I found this post very useful:
http://lustre-discuss.lustre.narkive.com/Z5s6LU8B/lustre-2-5-2-unable-to-mount-ost
I tried the same steps:
unmount OST and MGT/MDT
mount the OST and MGS with ldiskfs
llog on the client configuration file crashed, so I copied the one from
the MGS
unmount all the filesystems
run a writeconf to the MDS and all OSTs
reboot the system
After the reboot the OST was mounted, and after a long check the client
could also mount the volume
Thanks in any case
ciao
Stefano
P.S. the steps in details were:
# umount /mnt/lustre-ost
# mount -t ldiskfs /dev/sda1 /mnt/lustre-ost
# umount /mnt/lustre-mdt-mds/
# mount -t ldiskfs /dev/mapper/seqdata /mnt/lustre-mdt-mds
Verify that llog crashed with
# llog_reader /mnt/lustre-ost/CONFIGS/seqdata-client
Copy the non-corrupted file from MGS
# cp /mnt/lustre-ost/CONFIGS/seqdata-client
/mnt/lustre-ost/CONFIGS/seqdata-client.ORIG
# cp -f /mnt/lustre-mdt-mds/CONFIGS/seqdata-client
/mnt/lustre-ost/CONFIGS/seqdata-client
# tunefs.lustre --verbose --writeconf /dev/mapper/seqdata
# reboot
On 04/26/2017 10:27 AM, Stefano Turolla wrote:
> Actually, this is what I thought, but all files and directories are there
>
> [root at newmaster ~]# ls -lrtd /dev/mapper/seqdata /mnt/lustre-ost
> /dev/dm-0
> drwxr-xr-x 2 root root 6 Dec 2 13:35 /mnt/lustre-ost
> brw-rw---- 1 root disk 253, 0 Apr 25 11:59 /dev/dm-0
> lrwxrwxrwx 1 root root 7 Apr 25 11:59 /dev/mapper/seqdata -> ../dm-0
>
> Besides that, the file system seems to be there
> [root at newmaster ~]# e2fsck /dev/mapper/seqdata
> e2fsck 1.42.13.wc5 (15-Apr-2016)
> seqdata-OST0000: clean, 974805/31538944 files, 3578657570/8073955508
> blocks
>
> Stefano
>
> On 04/25/2017 11:49 PM, Brett Lee wrote:
>>
>> "No such file or directory."
>>
>> Could that be the cause?
>>
>> Brett
>> --
>> Protect Yourself Against Cybercrime
>> PDS Software Solutions LLC
>> https://www.TrustPDS.com
>>
>> On Apr 25, 2017 4:25 AM, "Stefano Turolla" <turolla at genzentrum.lmu.de
>> <mailto:turolla at genzentrum.lmu.de>> wrote:
>>
>> Dear all, I am a newbie in lustre, I set up a simple
>> configuration to mount a filesystem from a Dell Powervault
>> MD3800i (iscsi + multipath enabled)
>> It was working properly but, after the last reboot I cannot mount
>> the lustre filesystem anymore
>> I am running lustre 3.10.0 on scientific linux 7.3.

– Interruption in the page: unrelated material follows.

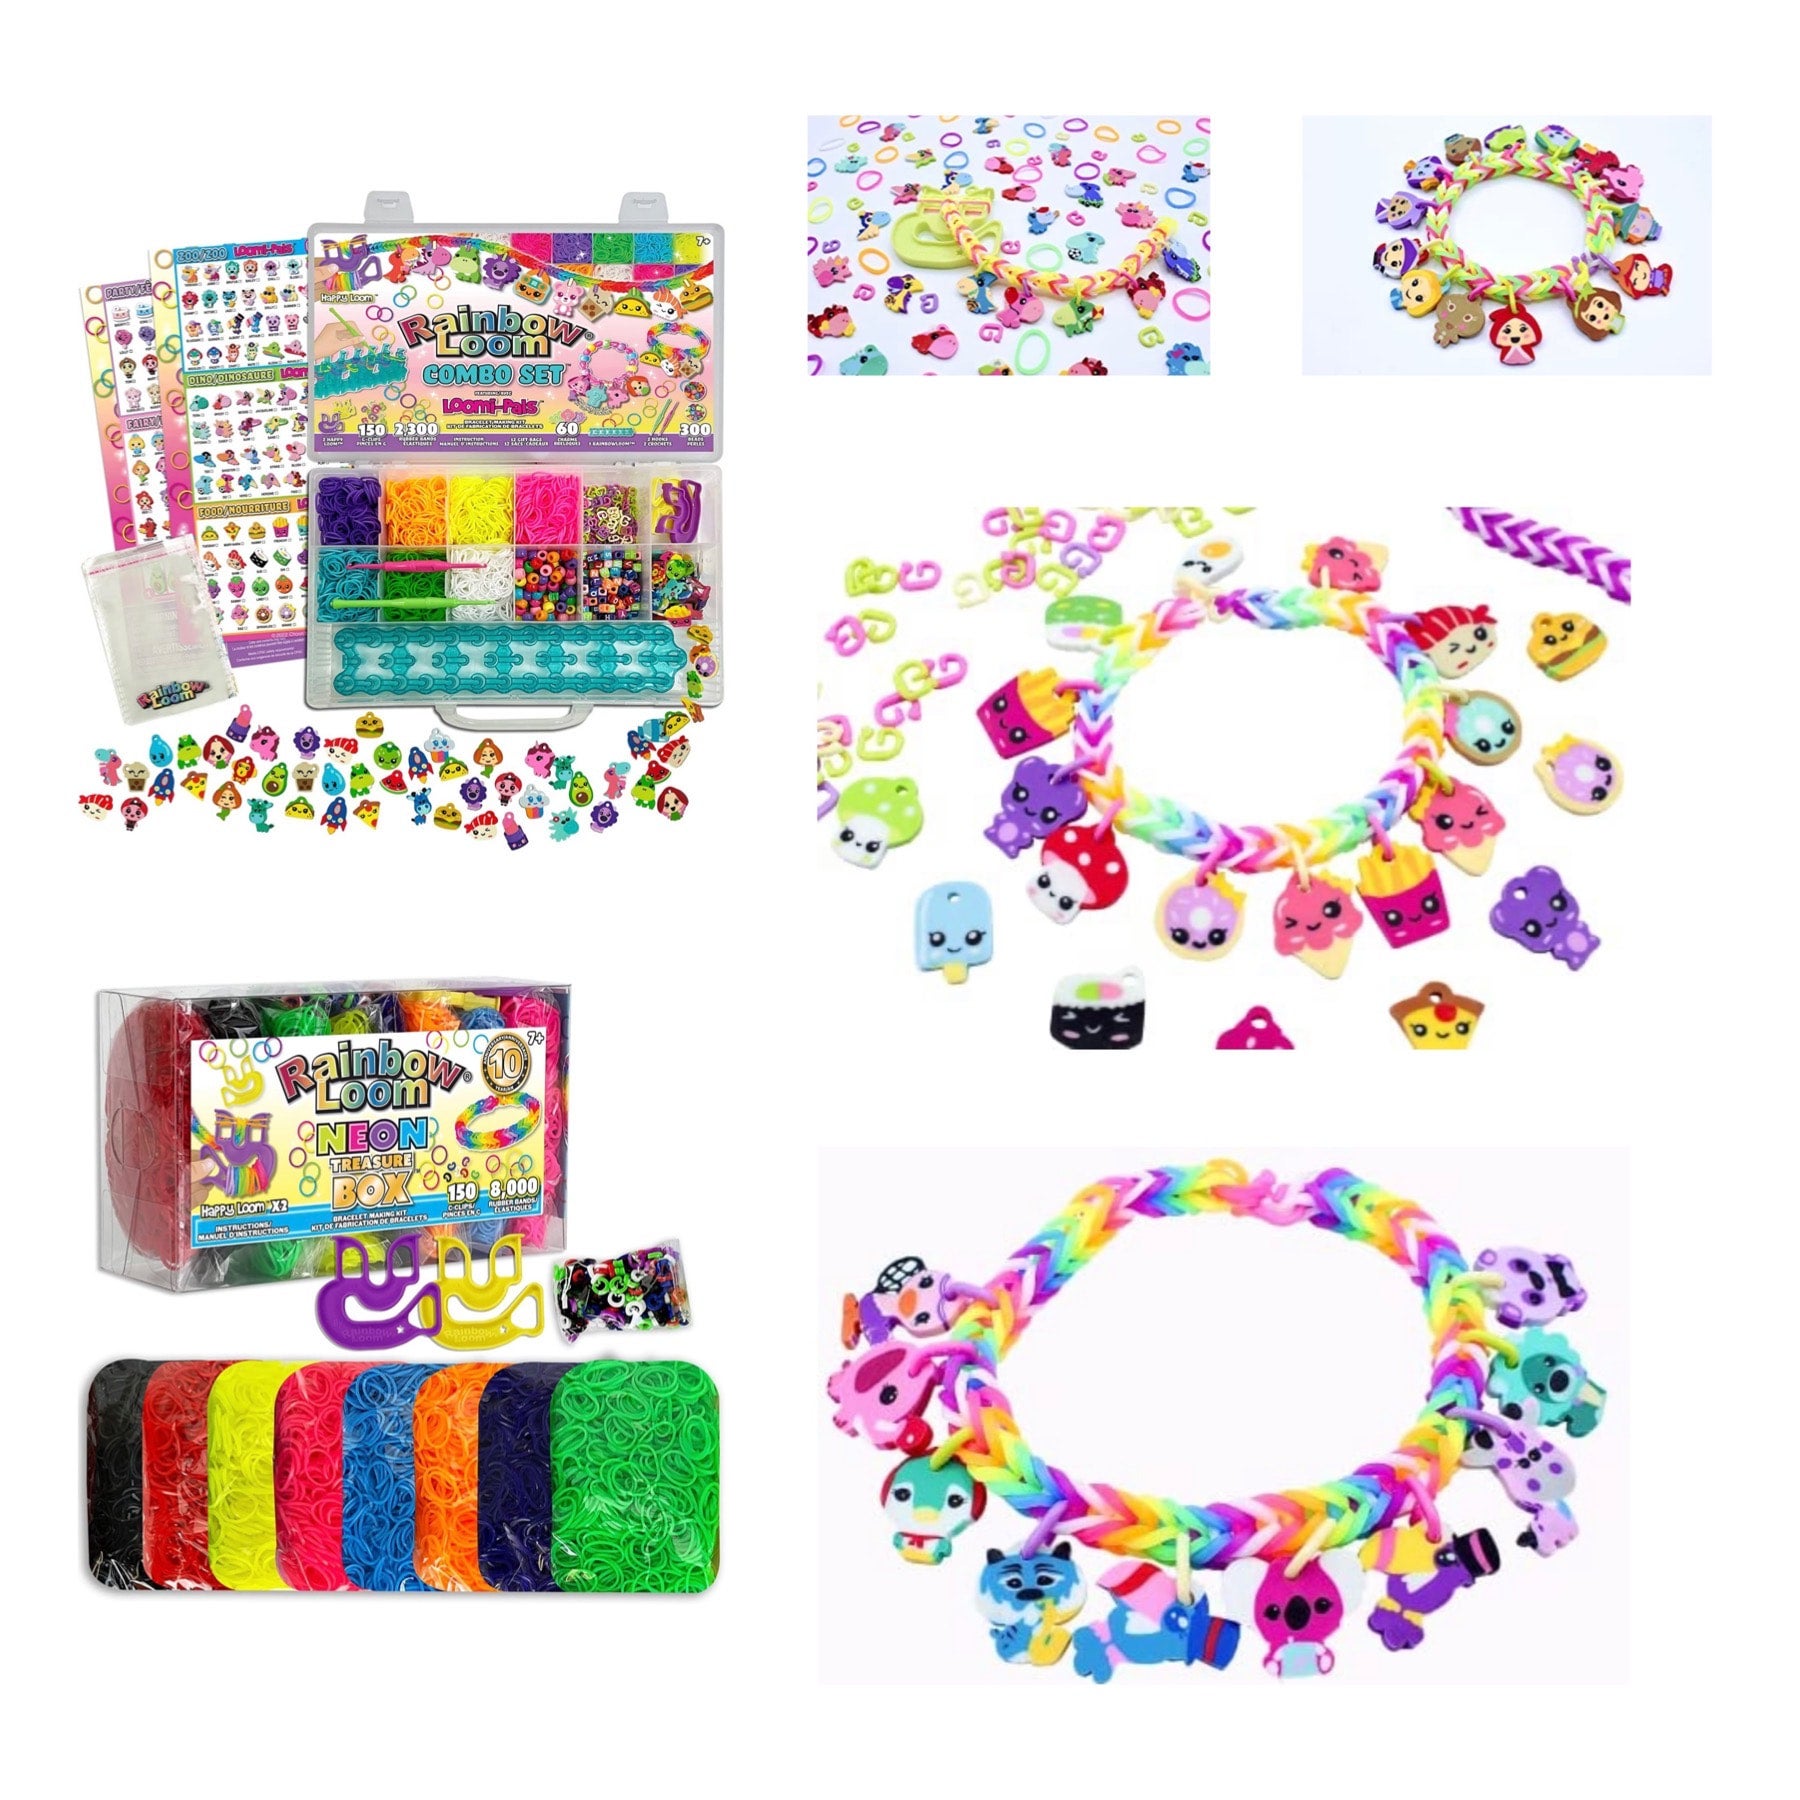 Rainbow Loom Neon Treasure Box Bracelet Making Kit | Michaels

>> I put MDT/MDS on the server
>> together with OST
>>
>> Here is the relevant /etc/fstab
>>
>> # Lustre MDT / MDS (Manage filenames, directories etc and Block
>> devices
>>
>> /dev/sda1 /mnt/lustre-mdt-mds
>> lustre noauto,_netdev 0 0
>>
>> /dev/mapper/seqdata /mnt/lustre-ost
>> lustre noauto,_netdev 0 0
>>
>> # Lustre Client
>>
>> master-mds at tcp:/seqdata /seq_data
>> lustre noauto,_netdev 0 0
>>
>>
>> I can mount the /mnt/lustre-mdt-mds filesystem but not the OST,
>> and of course no client
>>
>>
>> here are the devices
>> [root at newmaster lustre]# cat /proc/fs/lustre/devices
>>
>> 0 UP osd-ldiskfs seqdata-MDT0000-osd seqdata-MDT0000-osd_UUID 9
>>
>> 1 UP mgs MGS MGS 5
>>
>> 2 UP mgc MGC10.163.85.99 at tcp 69e92317-78f6-eef7-1764-57da5aadafe2 5
>>
>> 3 UP mds MDS MDS_uuid 3
>>
>> 4 UP lod seqdata-MDT0000-mdtlov seqdata-MDT0000-mdtlov_UUID 4
>>
>> 5 UP mdt seqdata-MDT0000 seqdata-MDT0000_UUID 5
>>
>> 6 UP mdd seqdata-MDD0000 seqdata-MDD0000_UUID 4
>>
>> 7 UP qmt seqdata-QMT0000 seqdata-QMT0000_UUID 4
>>
>> 8 UP osp seqdata-OST0000-osc-MDT0000 seqdata-MDT0000-mdtlov_UUID 5
>>
>> 9 UP lwp seqdata-MDT0000-lwp-MDT0000
>> seqdata-MDT0000-lwp-MDT0000_UUID 5
>>
>>
>>
>> Here are the errors when I try to mount the OST
>>
>> [root at newmaster lustre]# mount /mnt/lustre-ost
>>
>>
>> Apr 25 12:13:41 newmaster kernel: LDISKFS-fs (dm-0): file extents
>> enabled, maximum tree depth=5
>>
>> Apr 25 12:13:42 newmaster kernel: LDISKFS-fs (dm-0): mounted
>> filesystem with ordered data mode. Opts:
>> ,errors=remount-ro,no_mbcache,nodelalloc
>>
>> Apr 25 12:13:42 newmaster kernel: LustreError:
>> 11242:0:(llog_osd.c:246:llog_osd_read_header())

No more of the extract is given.